This blog is aimed at beginners trying to learn the basics of PostgreSQL and PGPool but already have some experience under their belt. For this tutorial, we will assume you have PostgreSQL correctly installed on Ubuntu. All of these steps were done using PostgreSQL 16 (development version) and PGPool 4.4.3 on Ubuntu 23.04. We’ll go over an example of setting up multiple PostgreSQL servers, one primary and two replicas, and how they can be balanced using PGPool.

Setting Up

Our overall architecture will be PGPool sitting in front of 3 PostgreSQL instances, 1 primary and 2 replicas. It will look something like this:

To get this setup we first have to create our primary database:

$ mkdir data/
$ initdb data/

Set up the primary as you would to allow for replication (edit the correct postgresql.conf and pg_hba.conf files). If you want to learn more about setting up database replication in PostgreSQL, see my previous blog here.

Once set up, start the database:

$ pg_ctl -D data/ -l logfile start

Follow these steps again to create both replicas and set them up to replicate the primary database.

Lastly, we need to start PGPool in order to pool our databases together. We’re going to use the following configuration file, pgpool.conf:

listen_addresses = 'localhost'
port = 9999

pcp_listen_addresses = 'localhost'
pcp_port = 9898

load_balance_mode = on

#Backend 0
backend_hostname0 = 'localhost'
backend_port0 = 5432 
backend_weight0 = 0.2
backend_data_directory0 = '/home/tristen/pg/data'
backend_flag0 = 'ALWAYS_PRIMARY'
backend_application_name0 = 'primary'

#Backend 1
backend_hostname1 = 'localhost'
backend_port1 = 5433 
backend_data_directory1 = '/home/tristen/pg/data1' 
backend_weight1 = 0.4
backend_flag1 = 'ALLOW_TO_FAILOVER'
backend_application_name1 = 'server1' 

#Backend 2
backend_hostname2 = 'localhost'
backend_port2 = 5434
backend_data_directory2 = '/home/tristen/pg/data2'
backend_weight2 = 0.4
backend_flag2 = 'ALLOW_TO_FAILOVER'
backend_application_name2 = 'server2' 

Let’s examine what this config file is doing:

  • Lines 1-2: Set the host address and port number that pgpool will be listening on.
  • Lines 4-5: Set the host address and port number that PCP will be listening on.
  • Line 7: Enable load balancing for pgpool.
  • Lines 10-15: Define various parameters for backend 0 (the primary), such as the host and port it can be found on, the directory where we can find PostgreSQL data files, the weight for this database, flags for the connection and application name .
  • Line 17-31: These are the same as lines 10-15 but define the other two backends (the replicas).

Once this is generated PGPool can be simply started by running:

$ pgpool

Now that we have everything running, let’s dive into the example.

Load Balancing

There are a few ways we can see load balancing in action. The easiest way would be to use a utility provided by PostgreSQL, namely pgbench. This tool is for benchmarking PostgreSQL databases and will run a large load of queries to test how a database handles traffic. We can use pgbench like so:

$ pgbench -i postgresql://postgres@localhost:9999/postgres
$ pgbench -S -c 10 -j 2 -t 100 postgresql://postgres@localhost:9999/postgres

The first command initializes the database at the specified host and port to contain the correct tables to run the benchmark. The second command runs the benchmark on a specified database. Flag -S is for select only, -c determines the number of simulated clients that will connect to the database, -j specifies the number of worker threads pgbench will use and -t is the number of transactions each client runs.

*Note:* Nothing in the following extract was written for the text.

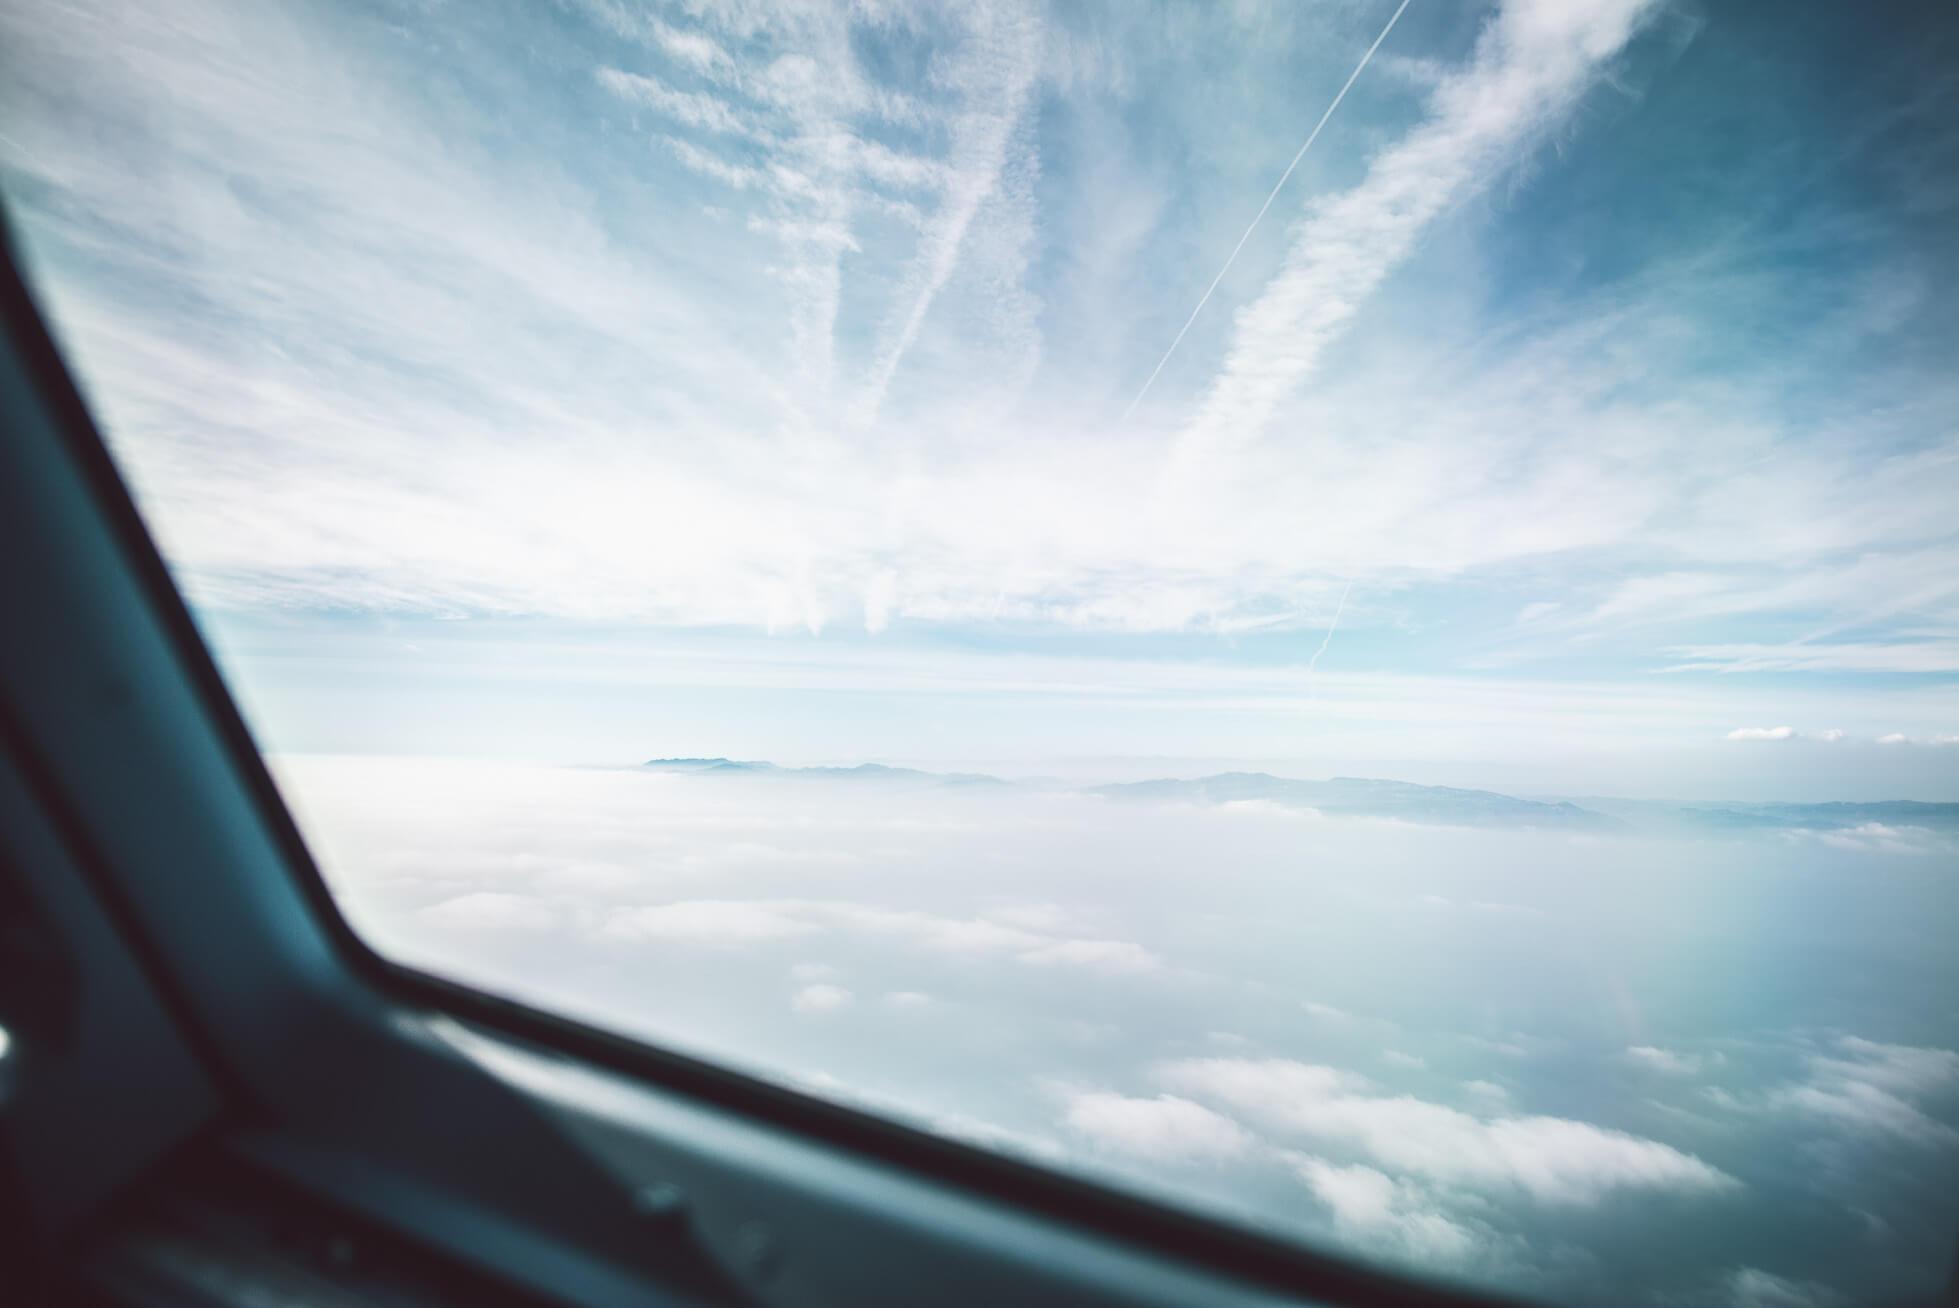 janni-deler-flight-mode-sasDSC_1547

Once pgbench finishes, we’ll issue a query to the database to see how SELECT traffic was divided among the replicas and primary. Note that only read traffic can be balanced, any write requests have to be directed to the primary. PGPool knows this and will forward traffic accordingly so we don’t have to worry.

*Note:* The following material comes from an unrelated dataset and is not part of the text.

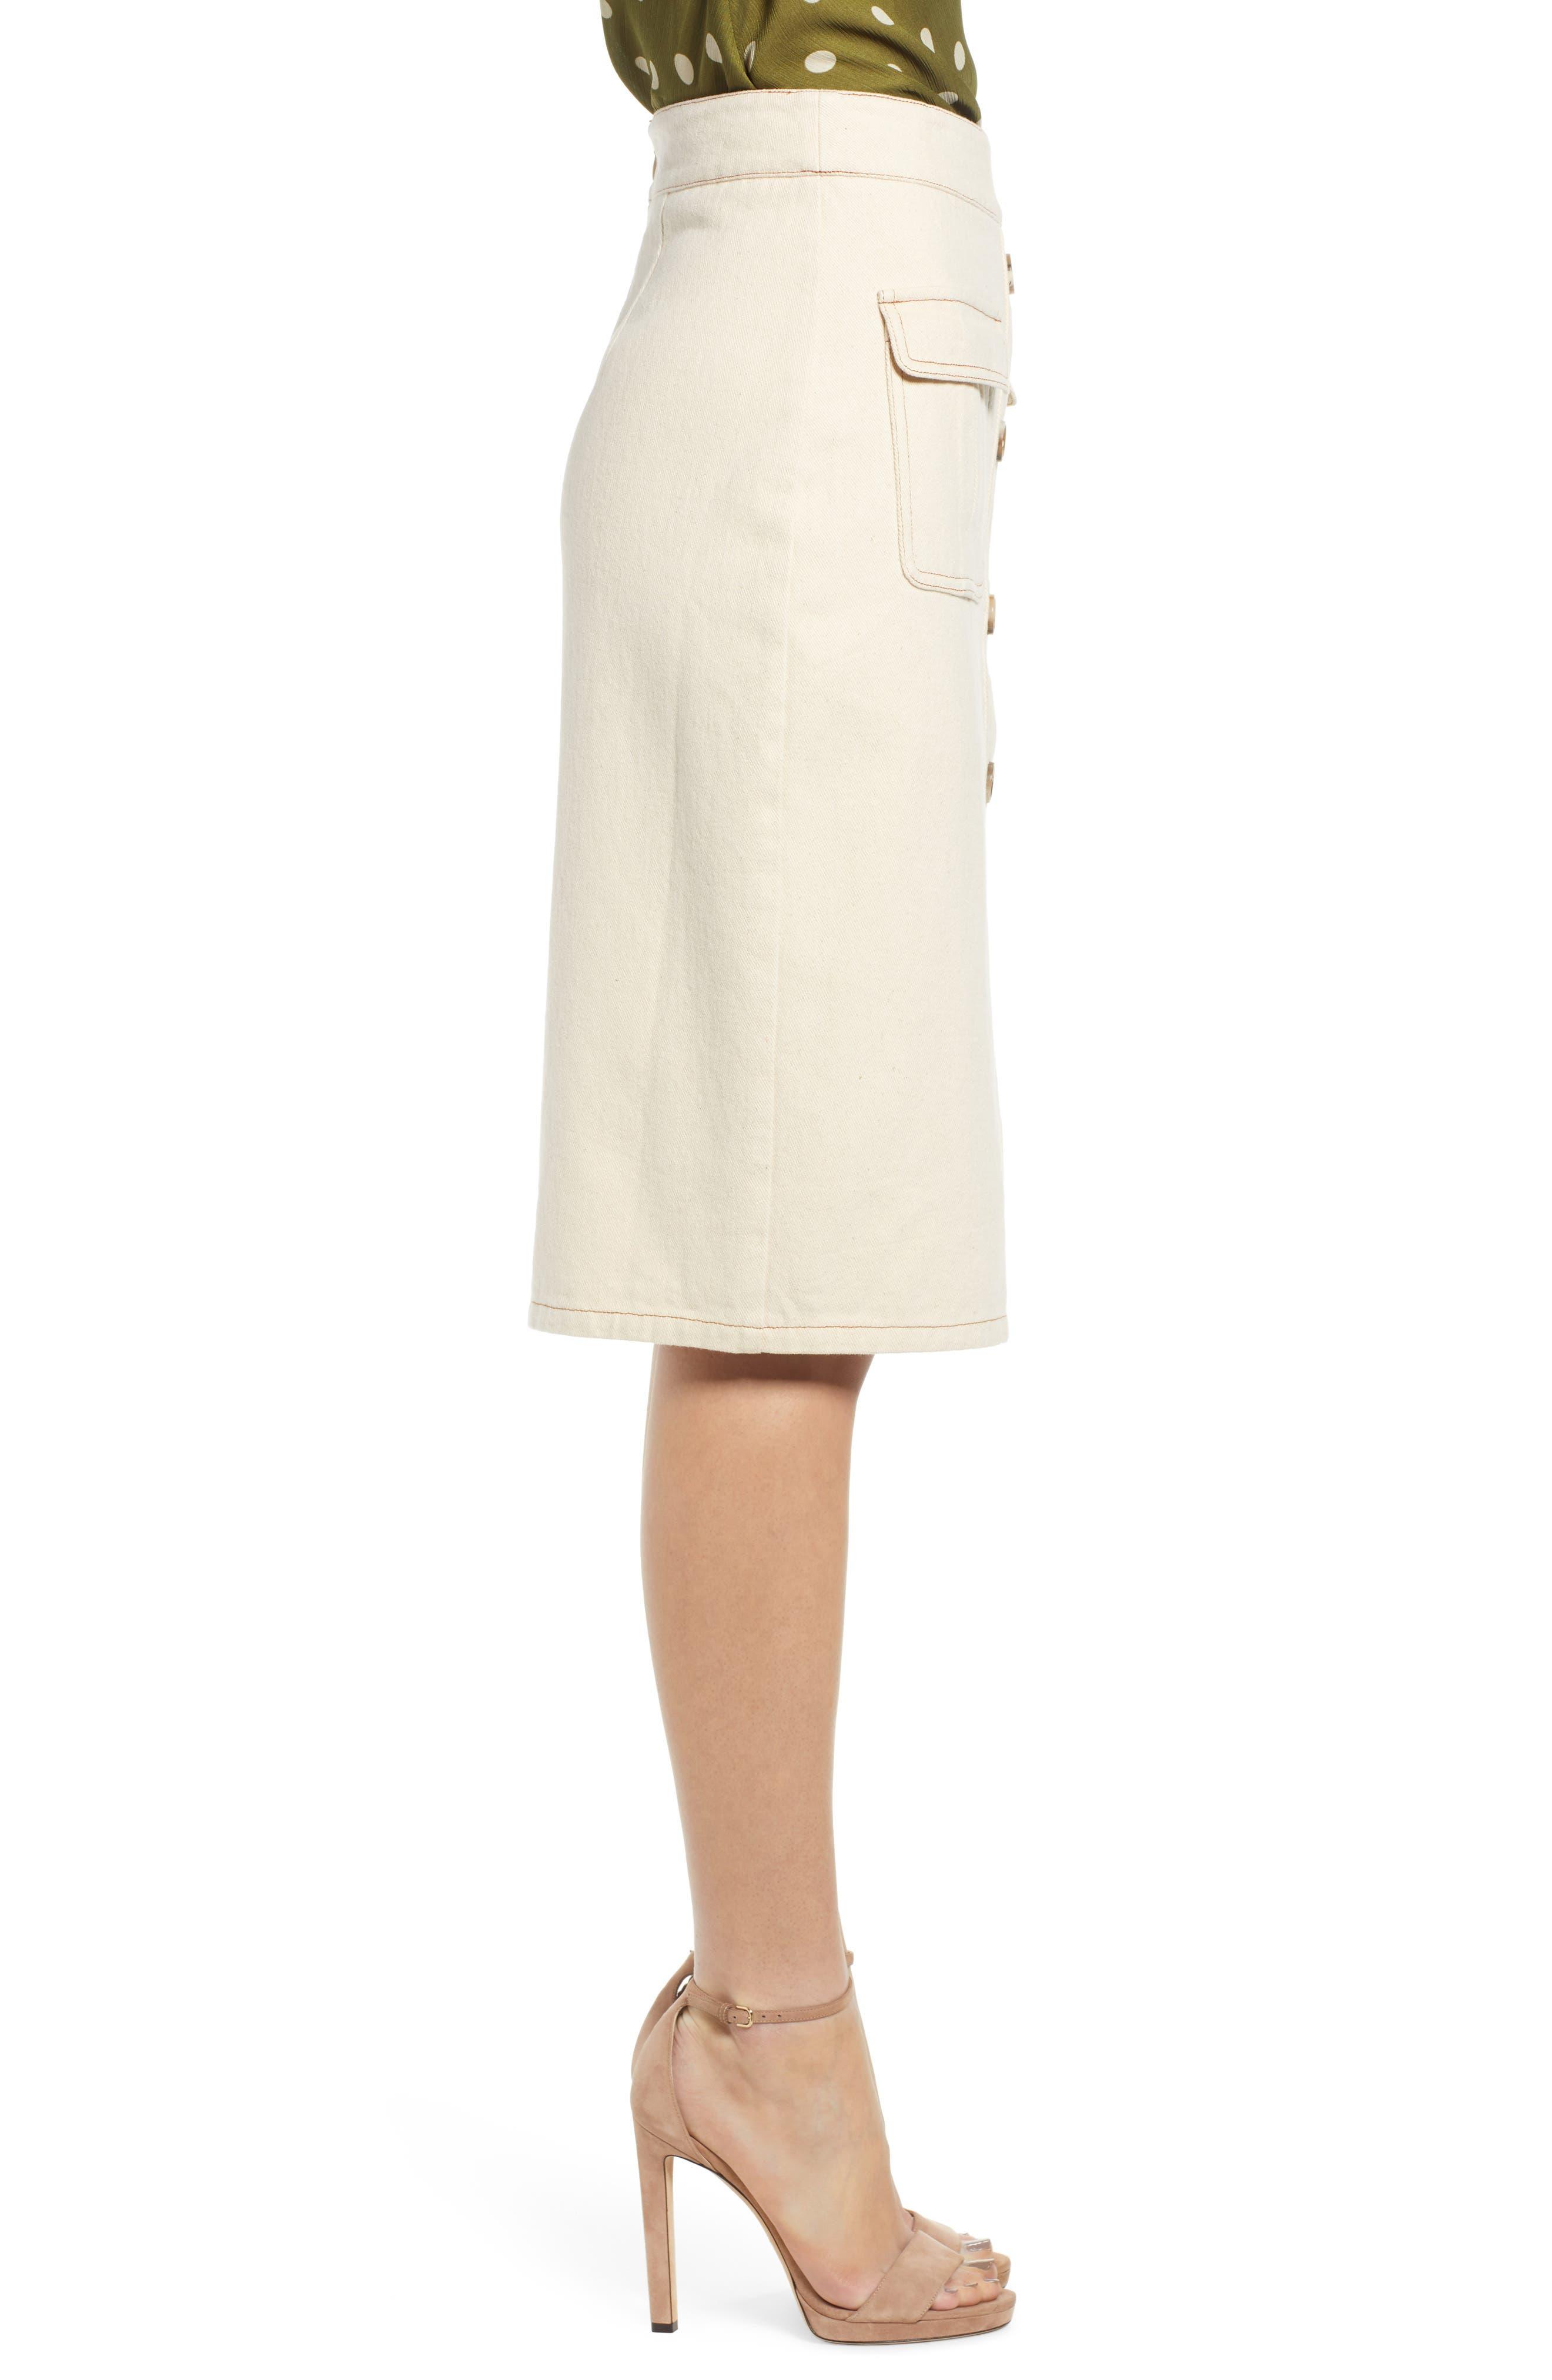 CHRISELLE LIM COLLECTION, Chriselle Lim Marine Midi Skirt, Alternate thumbnail 3, color, BONE

$ psql postgresql://postgres@localhost:9999/postgres -c "show pool_nodes;"
node_id | hostname  | port | status | pg_status | lb_weight |  role   | pg_role | select_cnt | load_balance_node | replication_delay | replication_state | replication_sync_state | last_status_change  
---------+-----------+------+--------+-----------+-----------+---------+---------+------------+-------------------+-------------------+-------------------+------------------------+---------------------
 0       | localhost | 5432 | up     | unknown   | 0.200000  | primary | unknown | 101        | false             | 0                 |                   |                        | 2023-09-11 12:50:32
 1       | localhost | 5433 | up     | unknown   | 0.400000  | standby | unknown | 200        | false             | 0                 |                   |                        | 2023-09-11 12:50:32
 2       | localhost | 5434 | up     | unknown   | 0.400000  | standby | unknown | 700        | true              | 0                 |                   |                        | 2023-09-11 12:50:32
(3 rows)

The result of this query is a table with the rows representing all of our nodes. If we look into the select_cnt column, we can see the number of SELECT queries each database received. Each database should receive an amount of traffic proportional to its weight defined in pgpool.conf.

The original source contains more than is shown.